AI Agents Could Unlock $450B by 2028, But Businesses Aren’t Ready Yet
Economic Impact of AI Agents (Image Credit: Capgemini)

Adoption is rising, but autonomy remains low

The report indicates that 14 percent of organizations have implemented AI agents at scale or partially, but most agents still operate at low autonomy levels. Currently, only a small share of business processes are managed by agents with Level 3 or higher autonomy. This is expected to rise to just 25 percent by 2028, which reflects a cautious approach to full automation.

A major barrier to scaling AI is the lack of readiness in data and technology infrastructure. Most organizations report low maturity in areas like data integration, governance, and AI infrastructure. Moreover, over 60% of organizations expect to have human-agent teams within a year, where agents support or augment human roles. This change is expected to enhance productivity, creativity, and employee satisfaction.

“The economic potential of AI agents is significant, but realizing this value depends on more than just the technology, it requires a comprehensive and strategic transformation across people, processes and systems,” Franck Greverie, chief portfolio & technology officer at Capgemini.

Lastly, more than half of organizations believe AI agents will eliminate more jobs than they create, and 61% report employee anxiety about their future roles. However, only some of them are taking proactive steps to reskill or restructure their workforce.

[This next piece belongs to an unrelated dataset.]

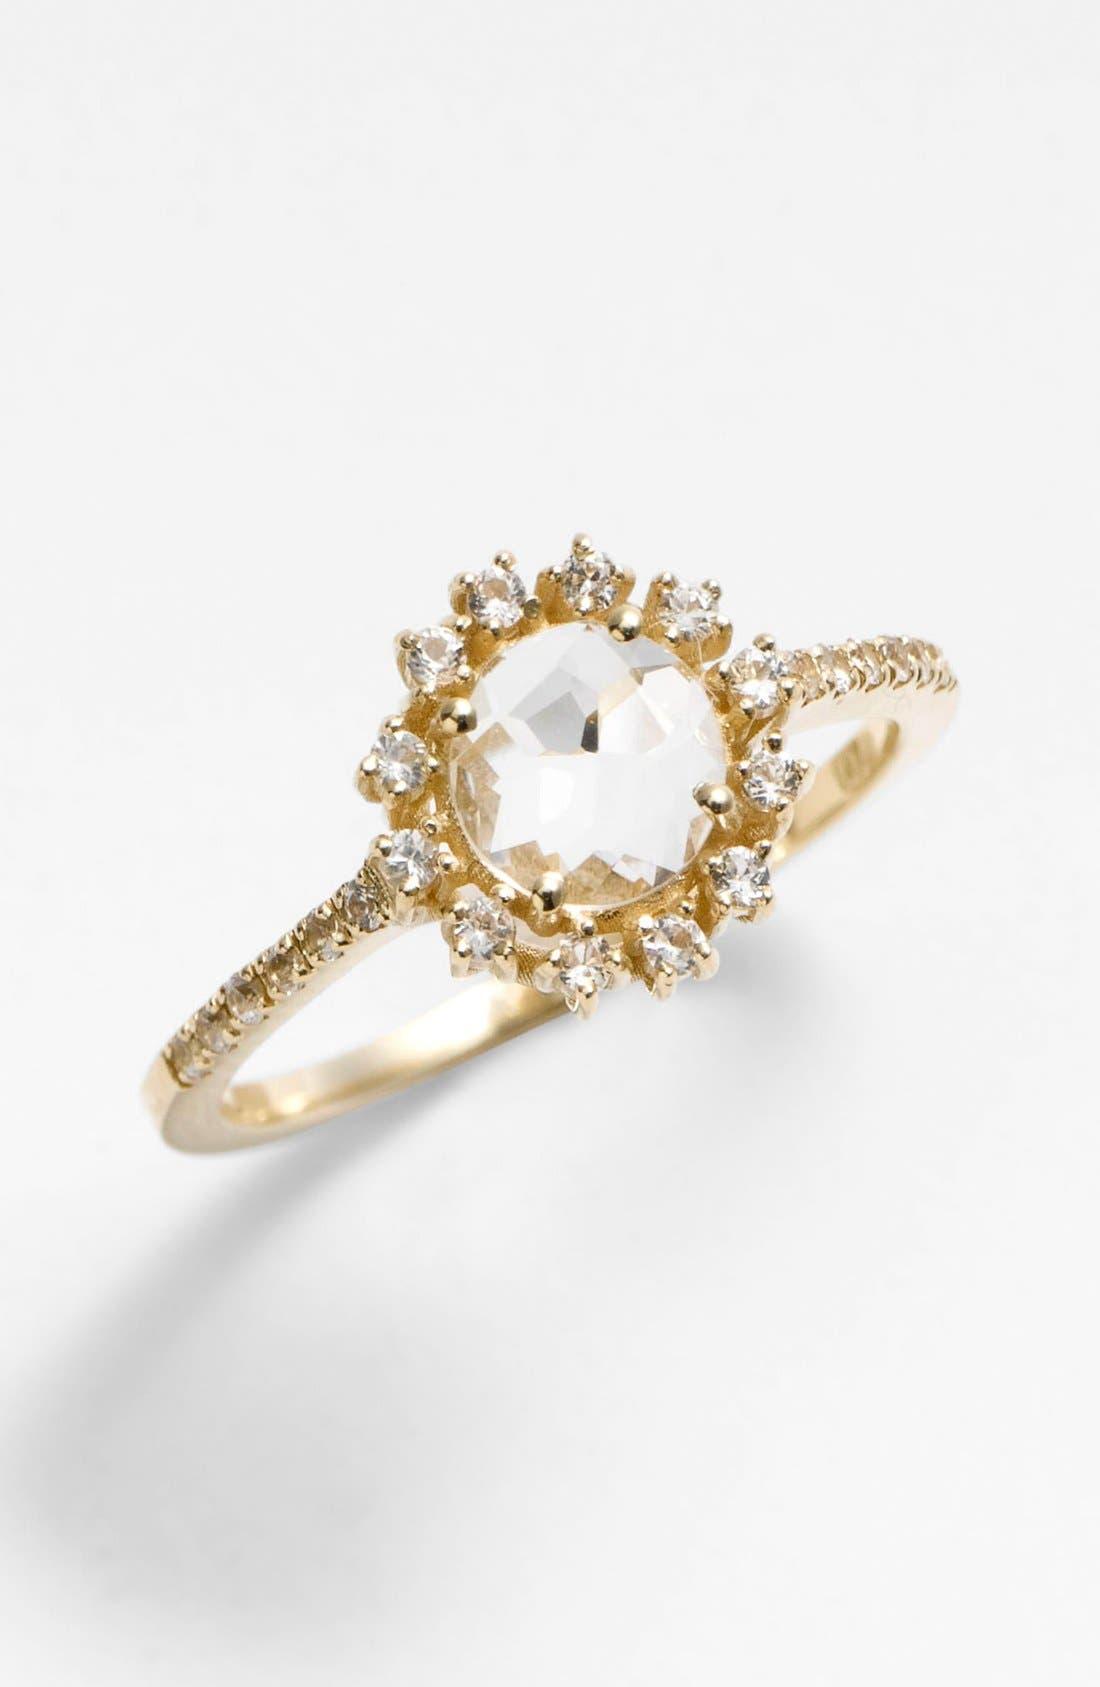 Main Image - KALAN by Suzanne Kalan Round Antique Bezel Ring

Strategic priorities for IT leaders to unlock the full potential of Agentic AI

Here are the key recommendations for IT leaders from the Capgemini report:

1. Redesign processes around AI Agents

IT leaders should rethink workflows from the ground up and integrate AI agents as core components. This involves orchestrating AI agents alongside Gen AI, traditional AI, and automation tools to manage end-to-end processes.

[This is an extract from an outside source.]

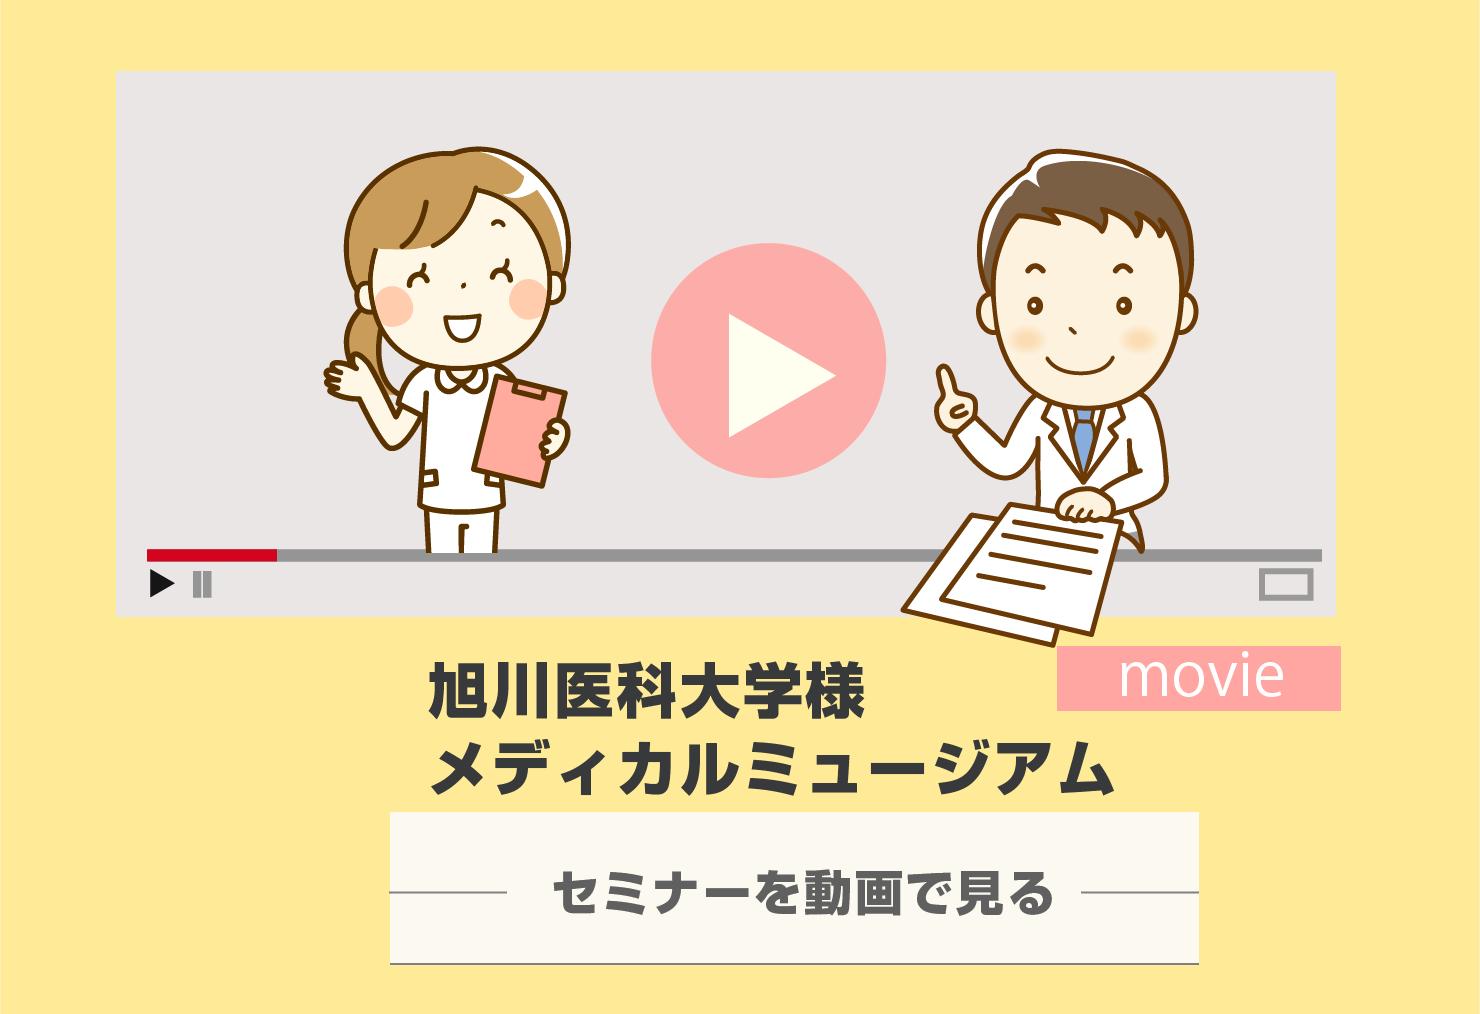 セミナーを動画で見る(旭川医科大学様開催)

2. Transform workforce and organizational structures

AI agents should be treated as team members, not just tools. Organizations must redefine roles, create new positions like AI agent supervisors, and embed agents into team structures.

3. Balance autonomy with human oversight

IT leaders should determine the right level of autonomy for each process, and decisions should be categorized based on risk, reversibility, ethical implications, and compliance needs. They must build human oversight into important points, with clear escalation paths and override capabilities.

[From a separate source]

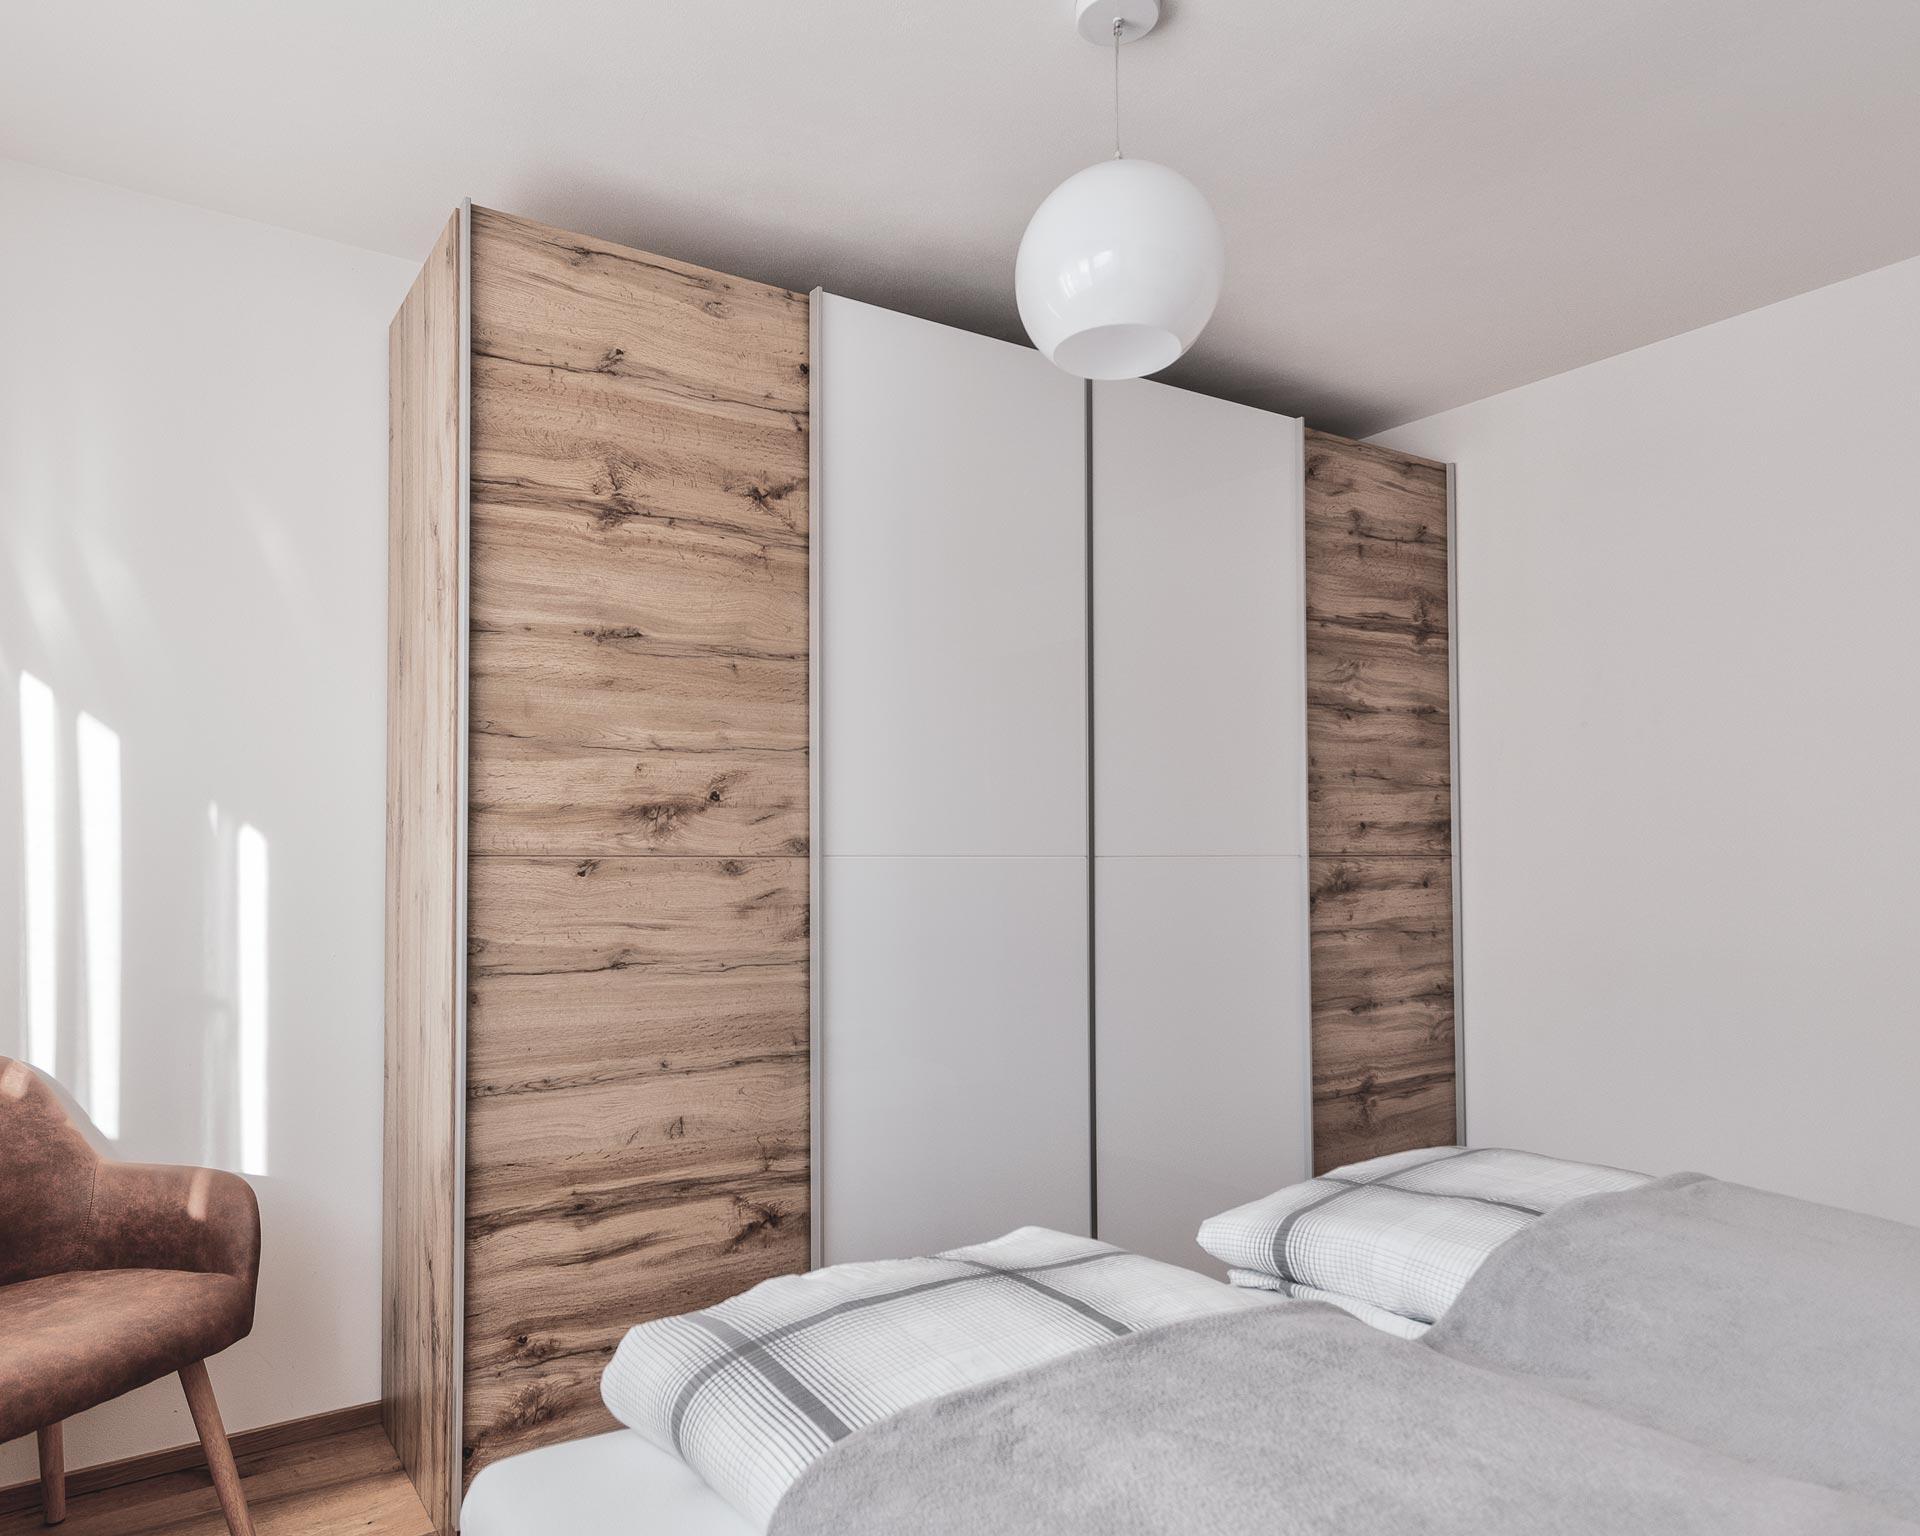 schrank schlafzimmer chalet waldblick 2 appartements pfarrwirt sand in taufers

4. Strengthen data and technology foundations

IT leaders should ensure high-quality, integrated, and secure data systems and invest in scalable computing resources. It’s important to ensure interoperability across platforms and adopt modern architectures like vector databases and real-time pipelines.

5. Choose the right technology strategy

Organizations must decide whether to build, buy, or adopt a hybrid approach for AI agents. This decision should be based on integration ease, customization needs, cost control, and privacy requirements.